Принцип У. Маклина Питтса – «Почему жители Бирмингема должны иметь больше власти только потому, что их больше?» – звучит для современных ушей довольно забавно, хотя на самом деле американцы все еще следуют ему. От каждого штата в сенат входят два человека – будь то крошечный Вайоминг или огромная Калифорния. Это вызывало споры с самого начала. Александр Гамильтон жаловался в эссе «Федералист № 22»:

Любая идея пропорциональности и любое правило справедливого представительства направлены против принципа, дающего Род-Айленду равный вес на весах власти с Массачусетсом, Коннектикутом или Нью-Йорком, а Делавэру – равный голос в национальных обсуждениях с Вирджинией или Северной Каролиной. Его применение противоречит фундаментальной максиме республиканского правления, которая требует приоритета чувств большинства… Может оказаться, что большинство штатов составляет небольшое меньшинство народа Америки; и нельзя долгое время убеждать две трети населения страны с помощью искусственных различий и тонкостей силлогизмов, что они должны согласиться с тем, чтобы их интересами управляла и распоряжалась одна треть[595].
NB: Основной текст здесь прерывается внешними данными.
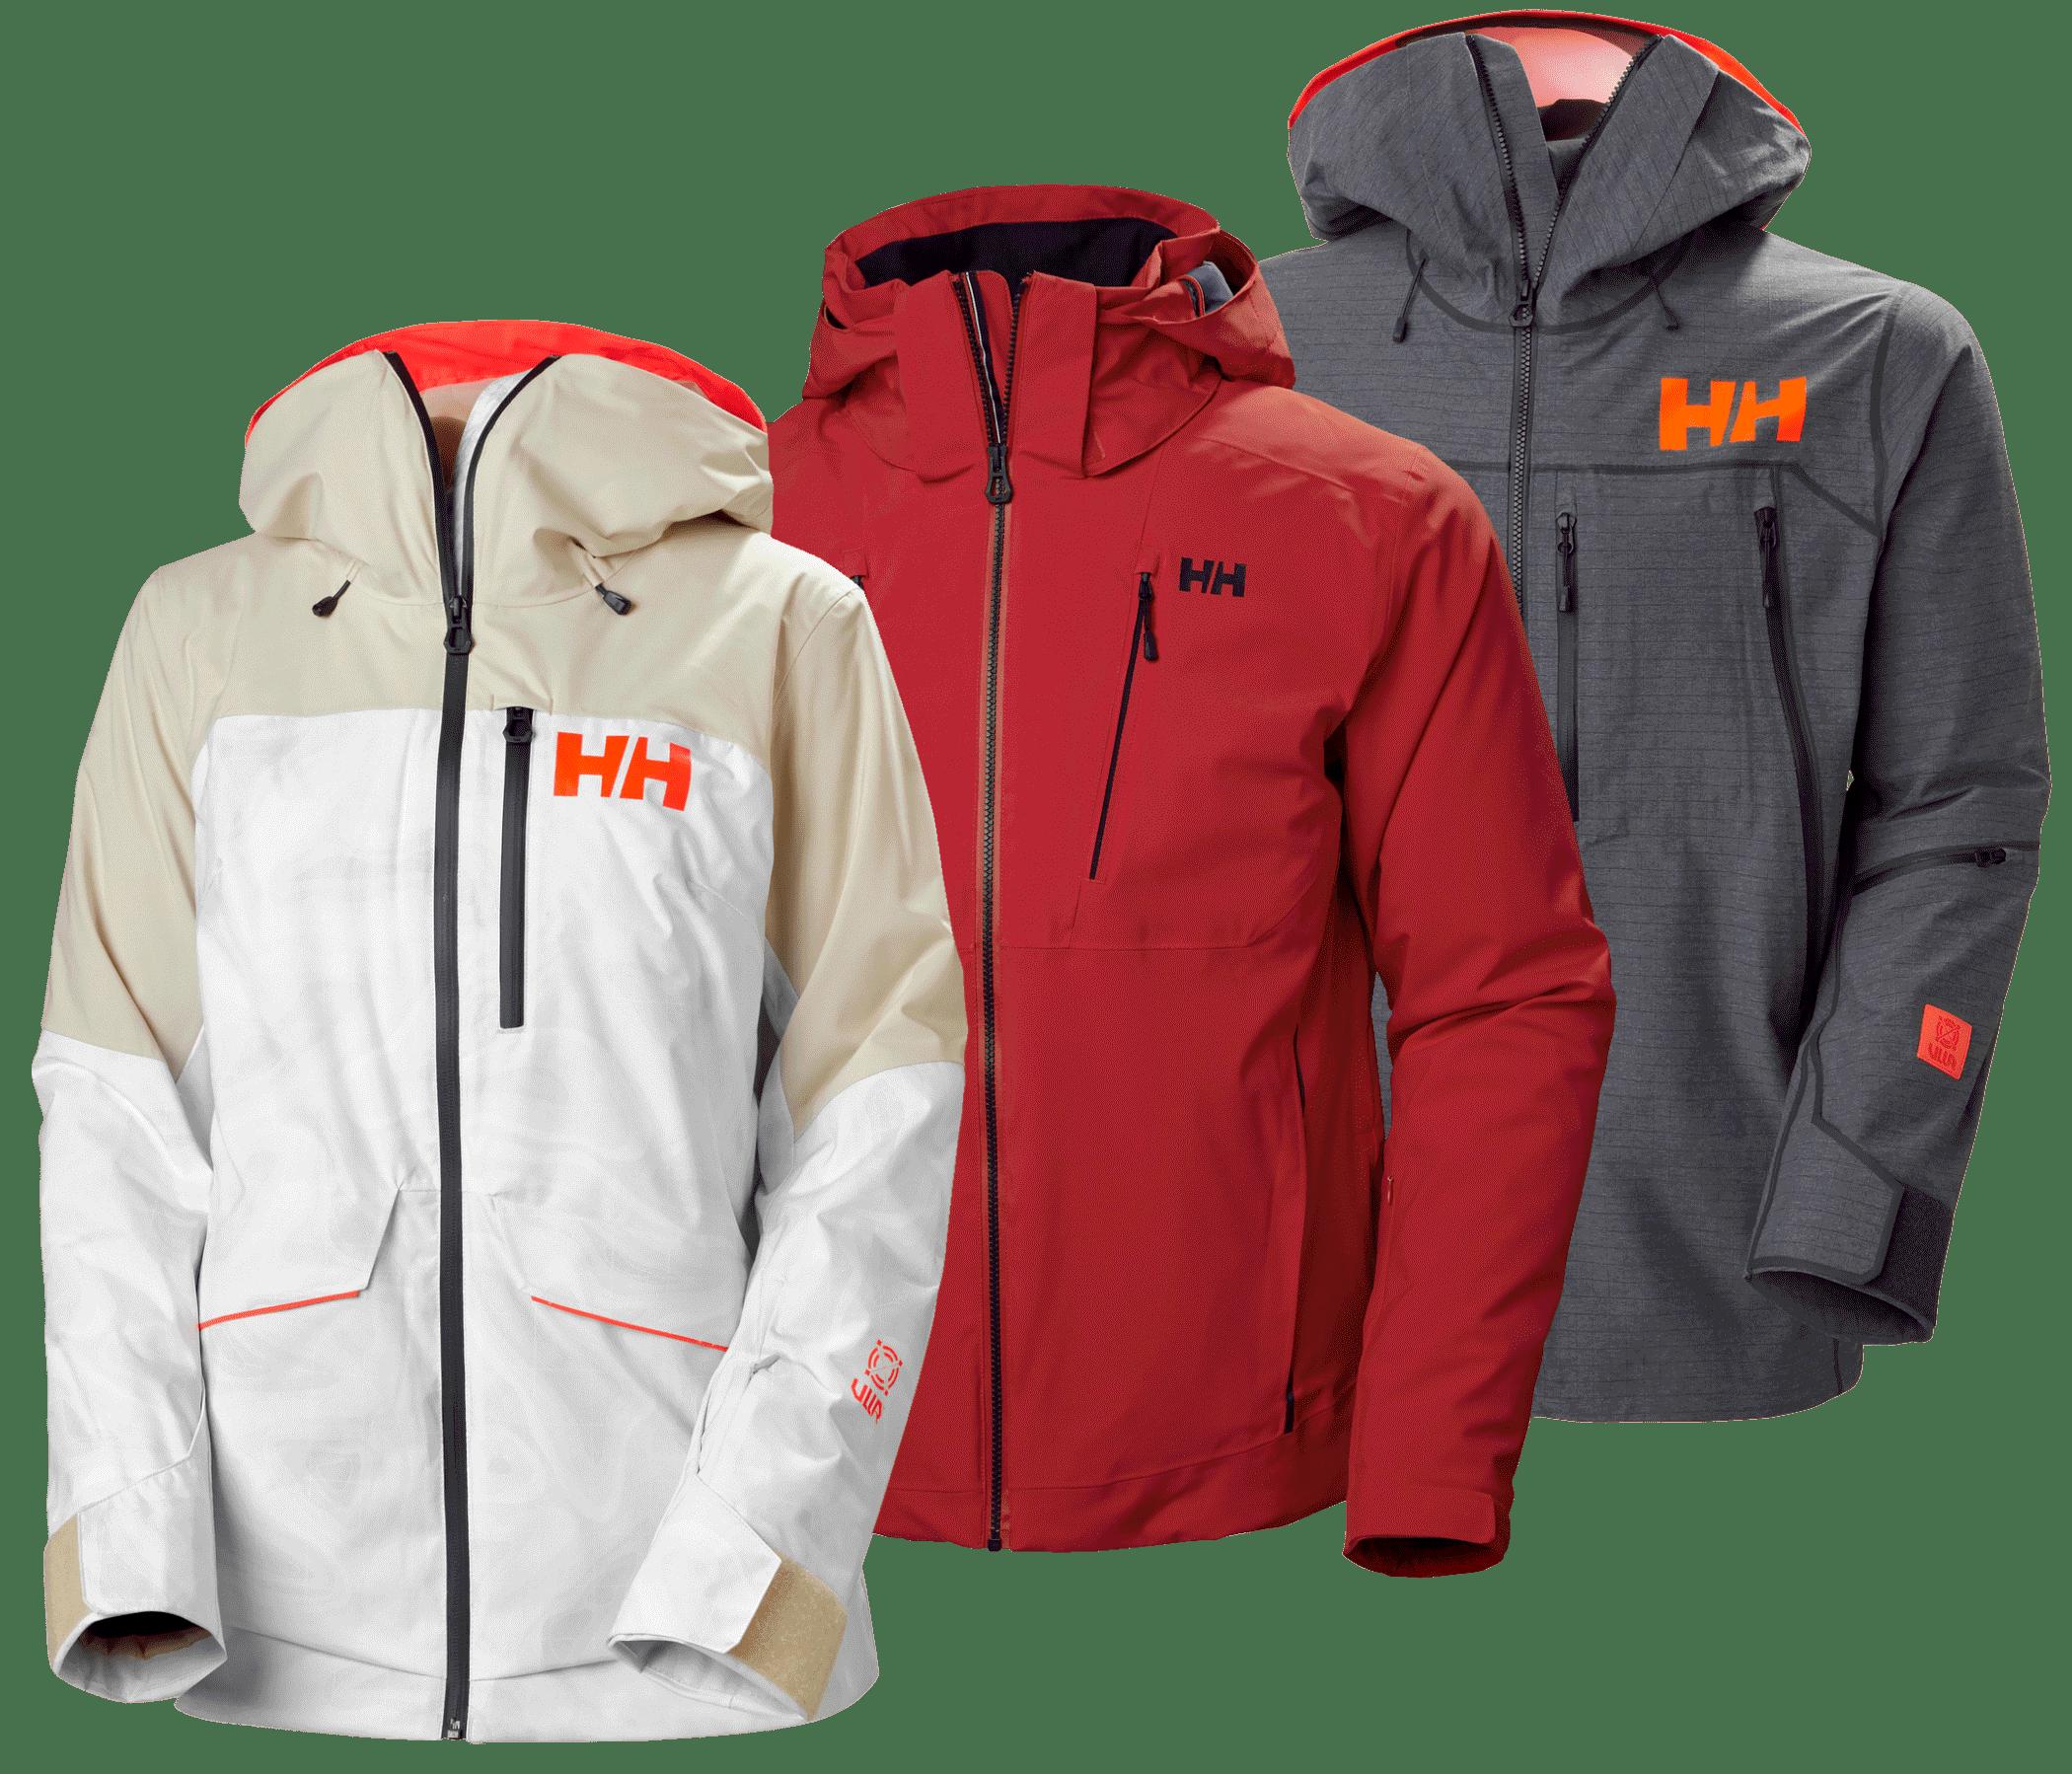 Clothing, Outerwear, Coat, Neck, Sleeve, Collar, Font, Jacket
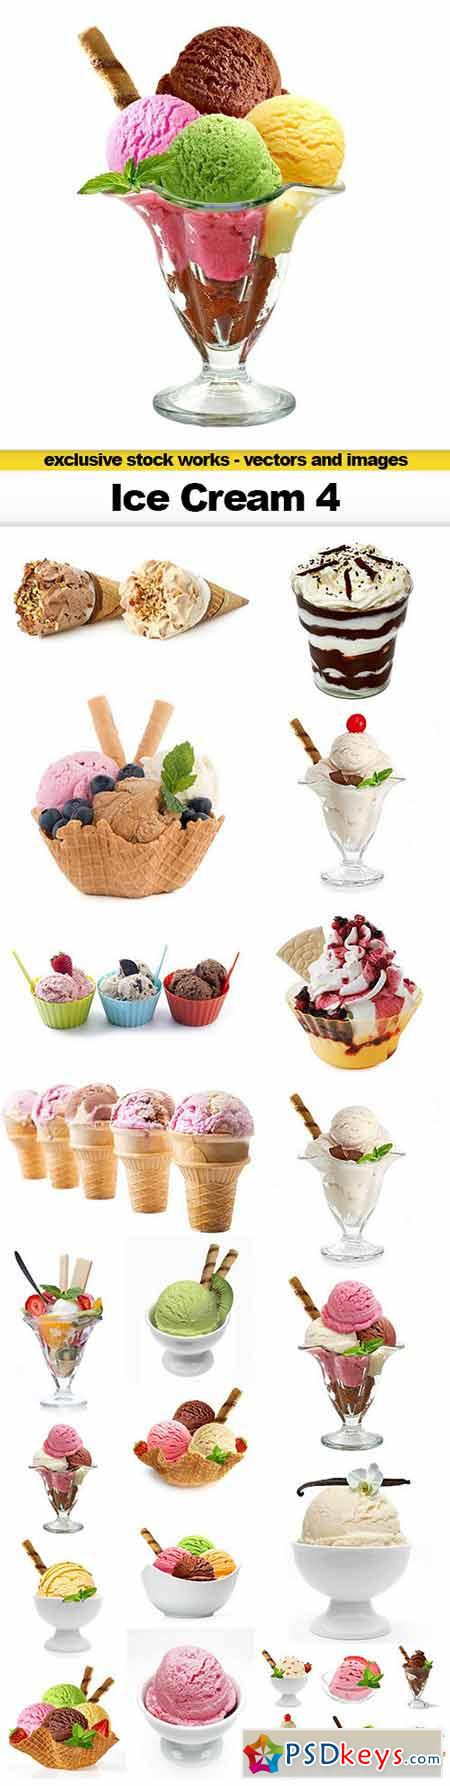 Ice Cream 4 - 20x UHQ JPEGs

История овеществила беспокойство Гамильтона: 26 наименьших штатов, 52 представителя которых составляют большинство в сенате, говорят от имени всего лишь 18 % населения[596].

Но дело не только в сенате. Каждый штат, каким бы маленьким он ни был, имеет не менее трех голосов в коллегии выборщиков, которая в итоге и определяет, кто становится президентом. В Вайоминге 579 000 жителей – примерно столько же проживает в городе Чаттануга с пригородами, и, поскольку у них три голоса в коллегии, каждый голос представляет 193 000 вайомингцев. У Калифорнии 55 голосов в коллегии, но ее население составляет почти 40 млн человек, так что каждый голос представляет больше 700 000 калифорнийцев.

Это было сделано умышленно, как вам, скорее всего, часто напоминают друзья-традиционалисты. Сегодня идея, что президента нужно выбирать большинством голосов жителей страны, кажется естественной многим американцам – даже тем, кто видит причины для сохранения системы с коллегией выборщиков. Однако отцы-основатели не испытывали особого энтузиазма по ее поводу. Исключением был Джеймс Мэдисон, но даже он поддерживал общенациональное голосование только потому, что считал все остальные варианты еще хуже. Маленькие штаты опасались, что шансы будут только у кандидатов от густонаселенного штата. Южанам (за исключением Мэдисона) не нравилось, что общенациональные выборы ослабят с трудом достигнутый «компромисс трех пятых», который позволял им получить дополнительное представительство в конгрессе за счет многочисленного порабощенного и бесправного чернокожего населения[597]. При системе общенационального голосования ваш штат не получает власти от людей, если только вы не разрешите им голосовать.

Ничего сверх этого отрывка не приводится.